TAHA did not only convince him to grow the cash crop, but also supported him with best farming practices stage by stage.

He used to harvest maize worth barely Sh240,000 (over $105) a year from the one-acre land he now grows pawpaw trees which have turned him into a millionaire in an overnight.
He joined TAHA few years back in his quest for technical advice on an alternative crop that could flourish on a land with all characteristics of a semi-desert.
“A TAHA agronomist came over to test the soil and he advised me straight away to cultivate pawpaw trees. This is how the miracle was unveiled,” he explains.
Thanks to Mr Wenceslaus Joseph, the TAHA expert, for his technical advice; Mr Makachia, who planted 300 seedlings on the one-acre land he owns, is now harvesting 300 papayas a week.

TAHA assists farmers in adopting new technologies and embracing best horticultural practices, enabling them to get bumper harvests from small pieces of land and to contend with Skills Development Levy, land rent fees and numerous other taxes and levies.
It also supports farmers to address challenges of registration of essential horticultural inputs, including pesticides, fertilizers and biological control agents.
Through its logistic firm — TAHA Fresh Handling Limited, the association absorbs costly and time-consuming cross-border non-tariff barriers to ease the burdens investors in the industry face.
TAHA addresses policy and regulatory hurdles for the industry to thrive.
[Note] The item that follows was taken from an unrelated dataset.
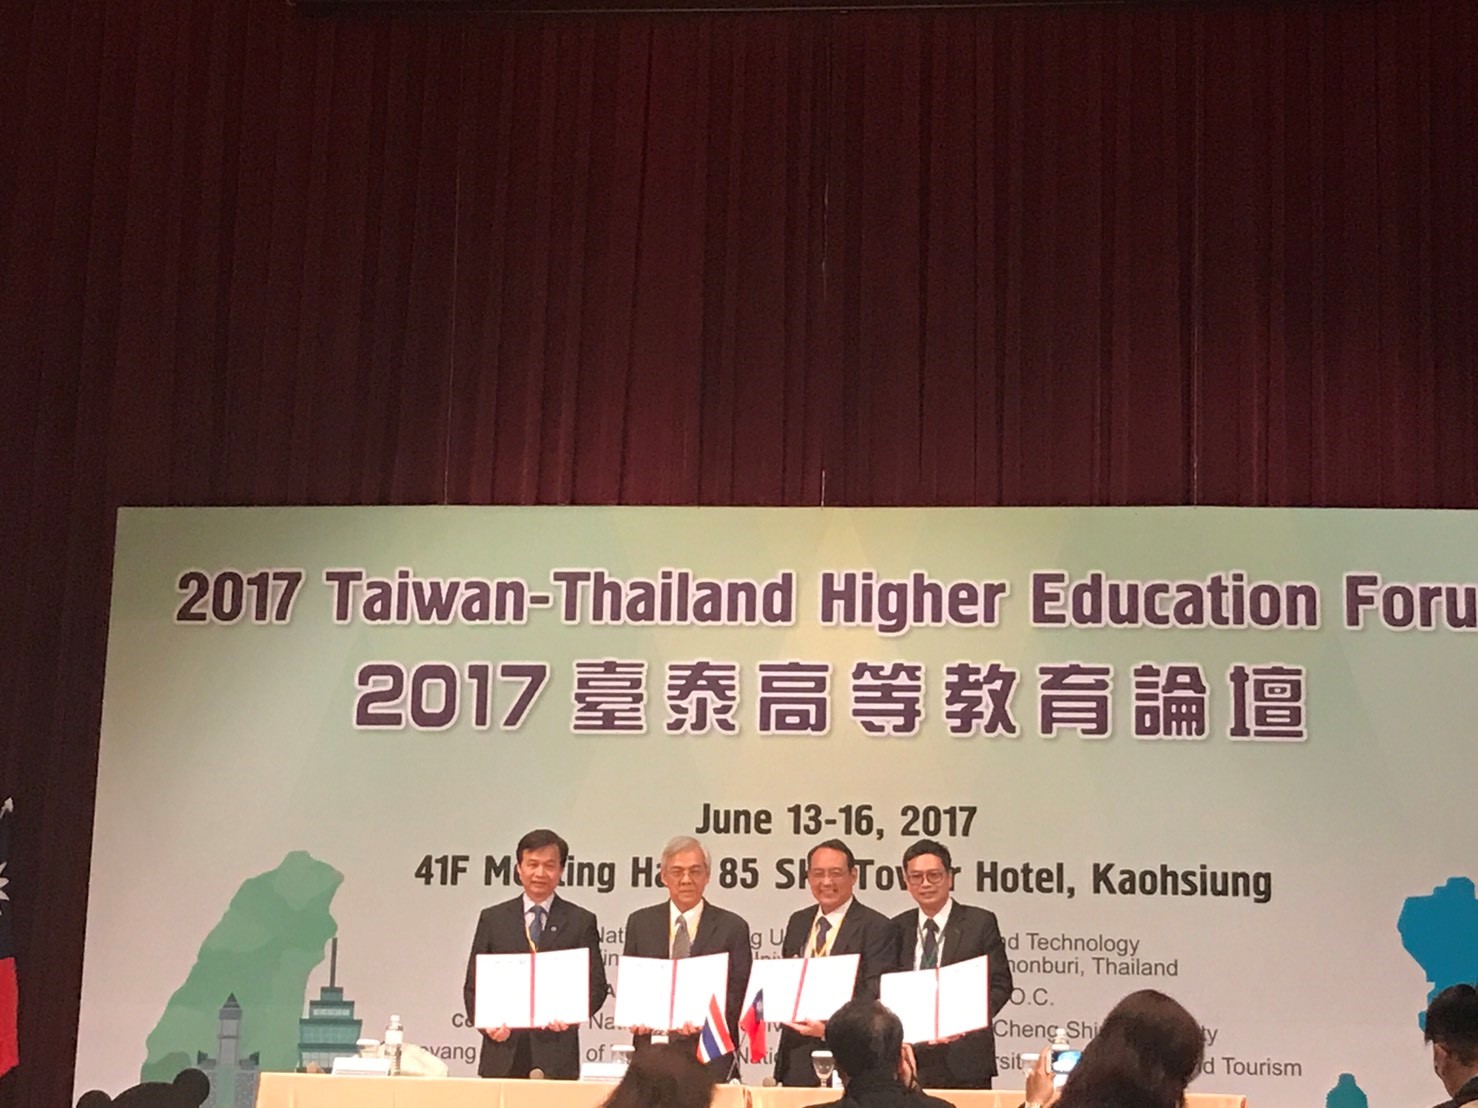 The Sixth Taiwan-Thailand Higher Education Forum held in Kaohsiung, Taiwan June 13–16, 2017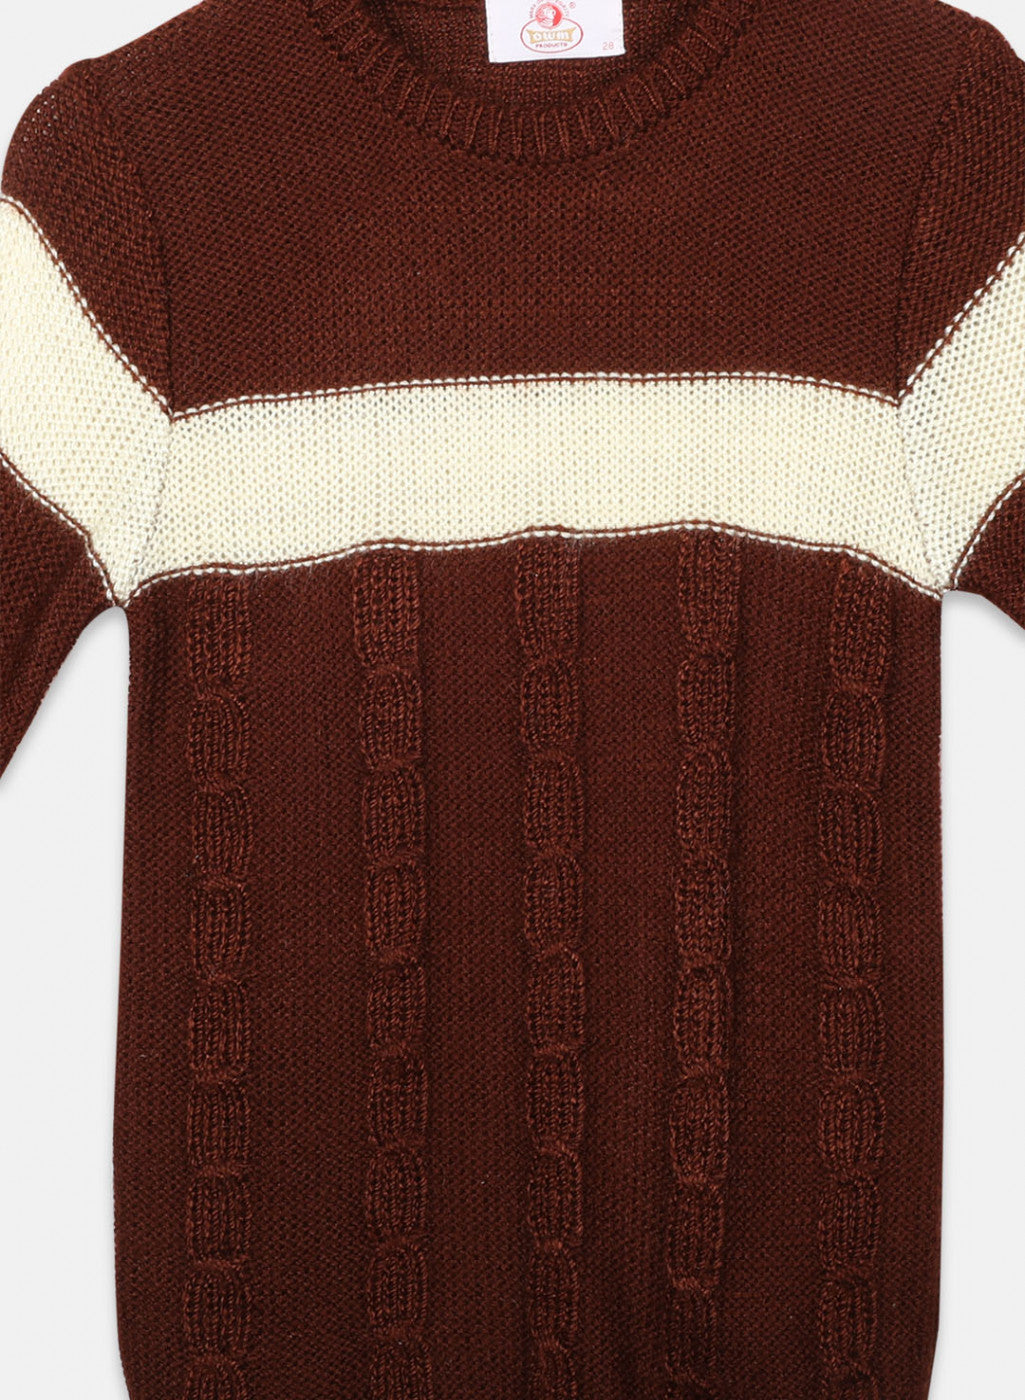 Oswal Brown Boys Pullover

Farmers in the Lake Zone, for instance, had difficulties in accessing input such as pesticides and fertilizers which are crucial for improved production.
A pesticide sold at Sh80,000 ($35) in Kenya was retailed at Sh600,000 ($263) in Mwanza, pushing up production costs and making produces noncompetitive.
“Otherwise, Mwanza is a sleeping giant, given its expansive land and plenty of water from the world’s second largest freshwater body — Lake Victoria,” the TAHA agronomists says.